Here are some other responses. Needless to say, be sure to click through and read them all:

Elizabeth Scalia at Word on Fire wrote about how kitschy Catholic art fired her imagination as a child and also about using this as an opportunity to inform.
Parked in the #MetGala Twitter feed, I saw a man describe Zendaya’s stunning take on Joan of Arc as “some sort of Catholic soldier” and shot him a note identifying the saint and urging him to look her up. When another praised a nunnish look, I replied, “Then you’ll love the real thing!” and sent a link to an article on millennial contemplative nuns. One brilliant fellow used the hashtag to showcase beautiful church interiors, inviting people to visit and explore them.
Cardinal Dolan used his attendance and opening speech as a chance to remind people about what the Church really stands for.  He took it all in good fun. Clearly on the "opportunity" side, he told Crux (whose piece is very interesting, especially for Dolan's conversation with George Clooney):
“I did not find the spirit of the evening to be offensive or blasphemous at all,” he said.

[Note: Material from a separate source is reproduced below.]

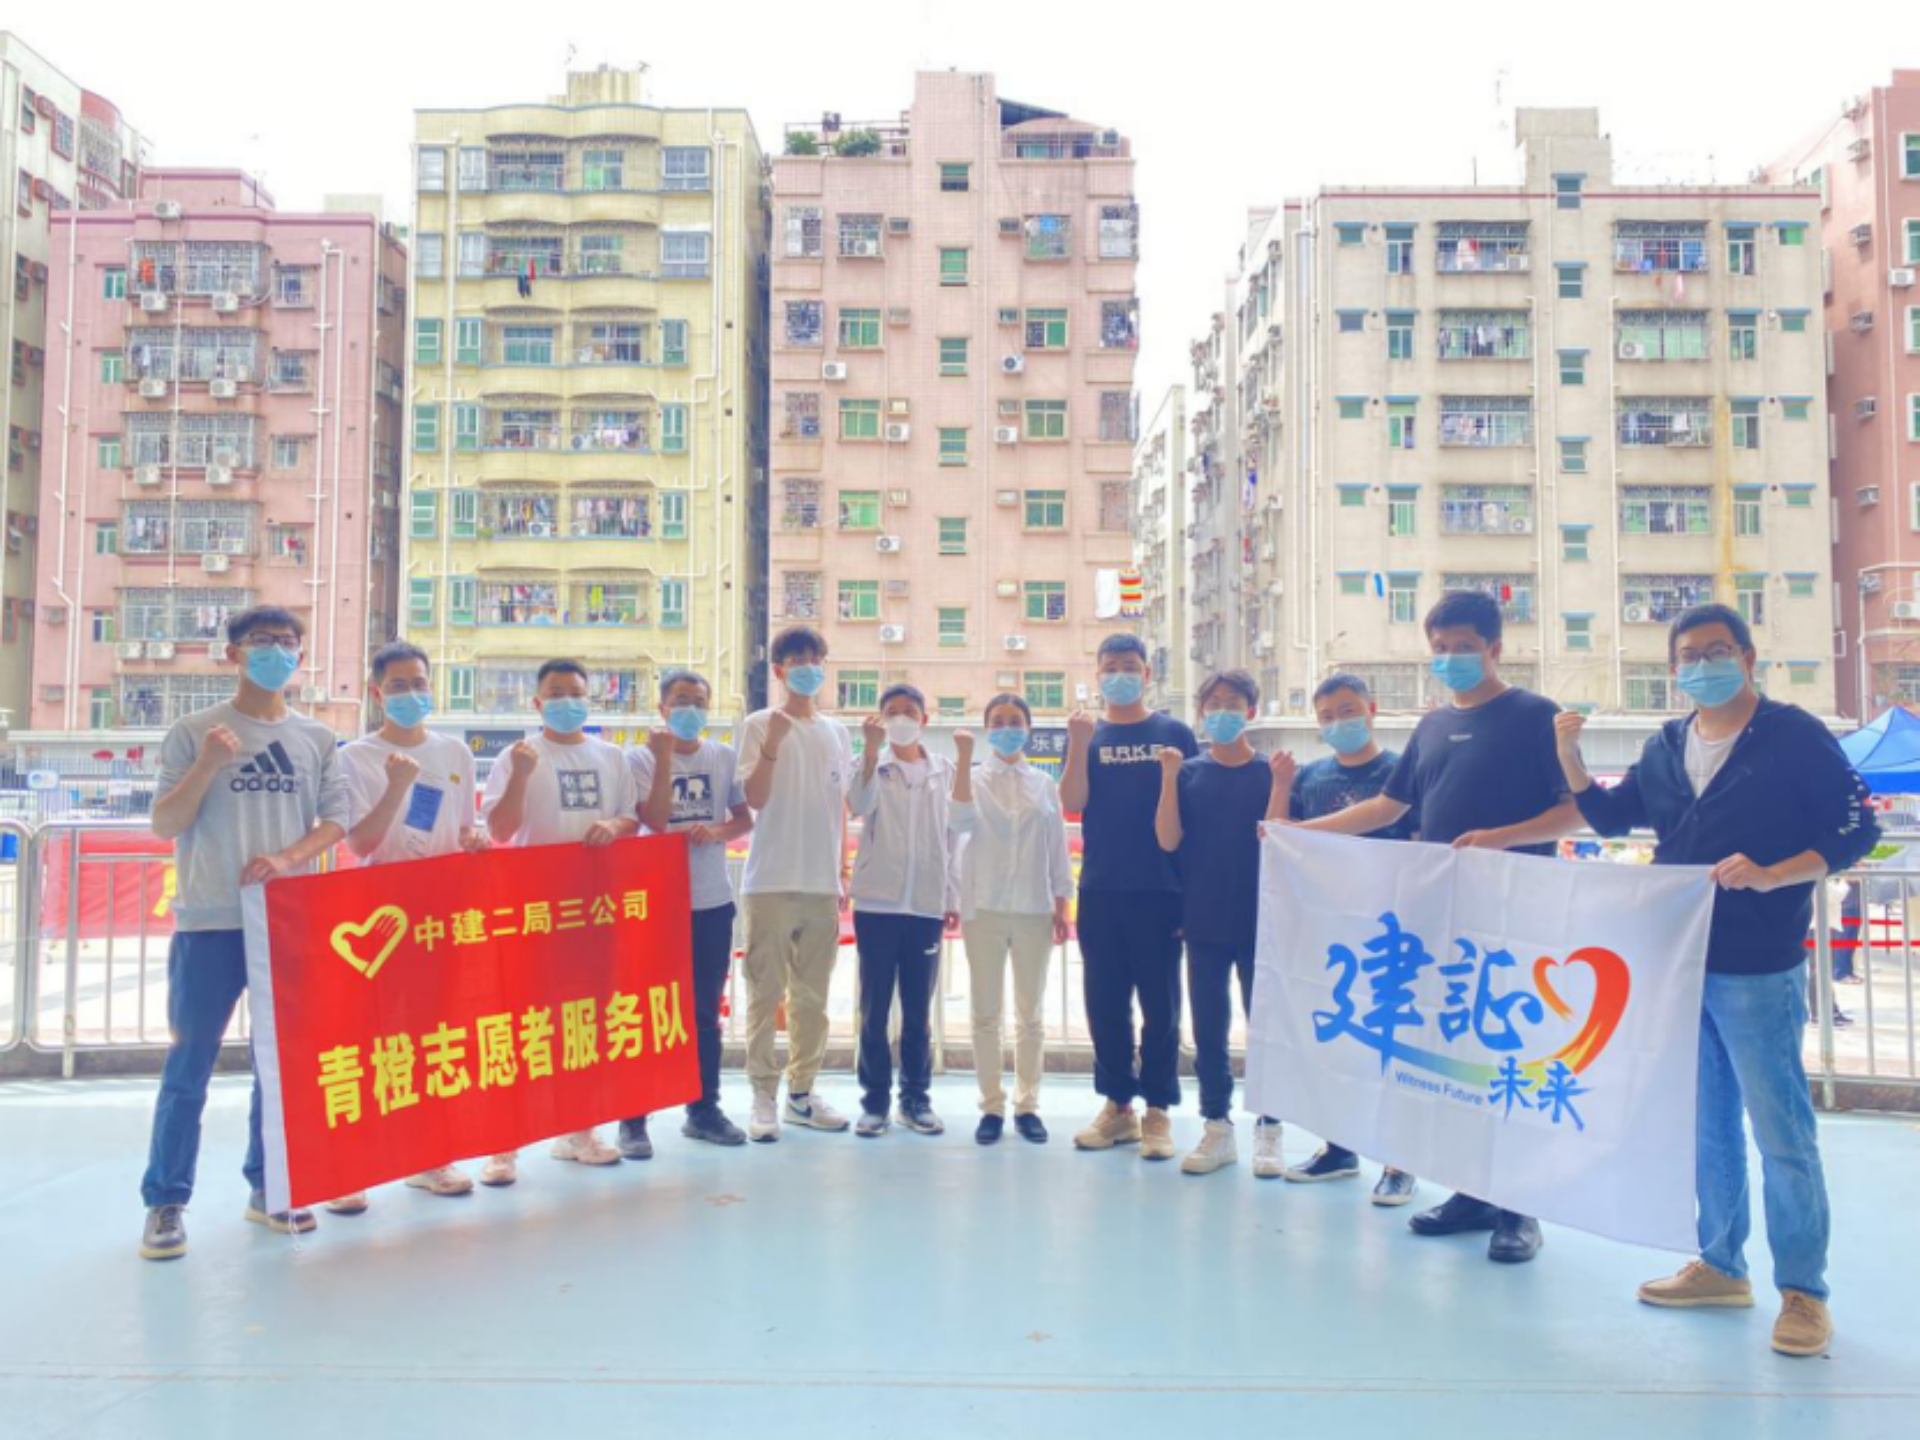 中建二局三公司青橙志愿者服务队驰援沙头防疫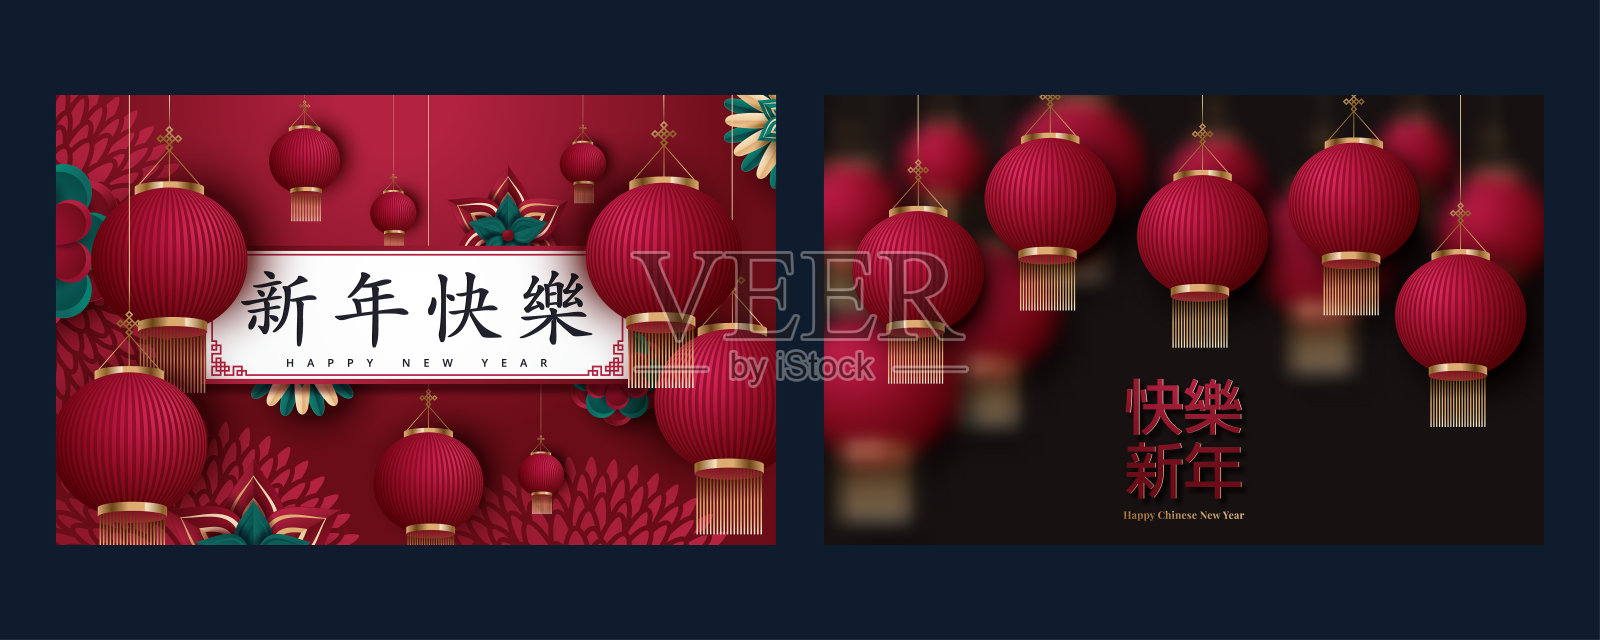 精美的2020年中国新年海报。翻译:新年快乐。矢量图插画图片素材

“Was some of it edgy? Yes, but I never met any person that seemed to be snippy or snotty about the Church, or who intended anything to be offensive,” said Dolan.
Catholic News Agency has a nice roundup of different responses, incuding a lot of them from non-Catholic publications which I found interesting.

National Catholic Register explains the Vatican's involvement and that they were focused on the exhibit (which would be fascinating to see) while knowing nothing of the gala.

Ross Douthat at the N.Y. Times uses the gala as an opportunity to muse about modernizing the Church and Pope Francis.